ASSIGNMENT: For every line in the material, print that line exactly.

GIVEN RECORDS:

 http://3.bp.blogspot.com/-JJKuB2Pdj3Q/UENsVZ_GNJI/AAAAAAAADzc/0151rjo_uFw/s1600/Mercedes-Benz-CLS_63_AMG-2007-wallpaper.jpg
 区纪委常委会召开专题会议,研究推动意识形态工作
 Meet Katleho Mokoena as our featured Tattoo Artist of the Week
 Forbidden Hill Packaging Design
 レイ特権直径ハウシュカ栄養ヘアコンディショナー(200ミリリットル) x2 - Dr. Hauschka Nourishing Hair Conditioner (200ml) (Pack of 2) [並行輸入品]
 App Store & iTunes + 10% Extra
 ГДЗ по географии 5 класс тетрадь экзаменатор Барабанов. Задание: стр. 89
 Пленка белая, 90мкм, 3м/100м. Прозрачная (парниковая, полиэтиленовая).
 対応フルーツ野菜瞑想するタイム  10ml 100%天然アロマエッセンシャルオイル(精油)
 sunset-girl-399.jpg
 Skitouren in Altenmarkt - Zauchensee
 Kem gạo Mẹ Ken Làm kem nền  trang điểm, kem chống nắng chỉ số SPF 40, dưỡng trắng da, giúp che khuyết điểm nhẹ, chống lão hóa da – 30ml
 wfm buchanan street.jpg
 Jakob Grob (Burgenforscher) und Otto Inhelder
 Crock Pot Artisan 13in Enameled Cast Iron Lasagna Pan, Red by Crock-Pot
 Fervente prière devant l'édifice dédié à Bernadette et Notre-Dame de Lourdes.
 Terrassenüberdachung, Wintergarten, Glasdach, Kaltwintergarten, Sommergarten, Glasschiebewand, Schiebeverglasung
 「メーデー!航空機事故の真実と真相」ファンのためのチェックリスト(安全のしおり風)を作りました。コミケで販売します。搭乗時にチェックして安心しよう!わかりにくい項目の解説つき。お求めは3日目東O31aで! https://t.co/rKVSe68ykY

EXPECTED ANSWER:
 http://3.bp.blogspot.com/-JJKuB2Pdj3Q/UENsVZ_GNJI/AAAAAAAADzc/0151rjo_uFw/s1600/Mercedes-Benz-CLS_63_AMG-2007-wallpaper.jpg
 区纪委常委会召开专题会议,研究推动意识形态工作
 Meet Katleho Mokoena as our featured Tattoo Artist of the Week
 Forbidden Hill Packaging Design
 レイ特権直径ハウシュカ栄養ヘアコンディショナー(200ミリリットル) x2 - Dr. Hauschka Nourishing Hair Conditioner (200ml) (Pack of 2) [並行輸入品]
 App Store & iTunes + 10% Extra
 ГДЗ по географии 5 класс тетрадь экзаменатор Барабанов. Задание: стр. 89
 Пленка белая, 90мкм, 3м/100м. Прозрачная (парниковая, полиэтиленовая).
 対応フルーツ野菜瞑想するタイム  10ml 100%天然アロマエッセンシャルオイル(精油)
 sunset-girl-399.jpg
 Skitouren in Altenmarkt - Zauchensee
 Kem gạo Mẹ Ken Làm kem nền  trang điểm, kem chống nắng chỉ số SPF 40, dưỡng trắng da, giúp che khuyết điểm nhẹ, chống lão hóa da – 30ml
 wfm buchanan street.jpg
 Jakob Grob (Burgenforscher) und Otto Inhelder
 Crock Pot Artisan 13in Enameled Cast Iron Lasagna Pan, Red by Crock-Pot
 Fervente prière devant l'édifice dédié à Bernadette et Notre-Dame de Lourdes.
 Terrassenüberdachung, Wintergarten, Glasdach, Kaltwintergarten, Sommergarten, Glasschiebewand, Schiebeverglasung
 「メーデー!航空機事故の真実と真相」ファンのためのチェックリスト(安全のしおり風)を作りました。コミケで販売します。搭乗時にチェックして安心しよう!わかりにくい項目の解説つき。お求めは3日目東O31aで! https://t.co/rKVSe68ykY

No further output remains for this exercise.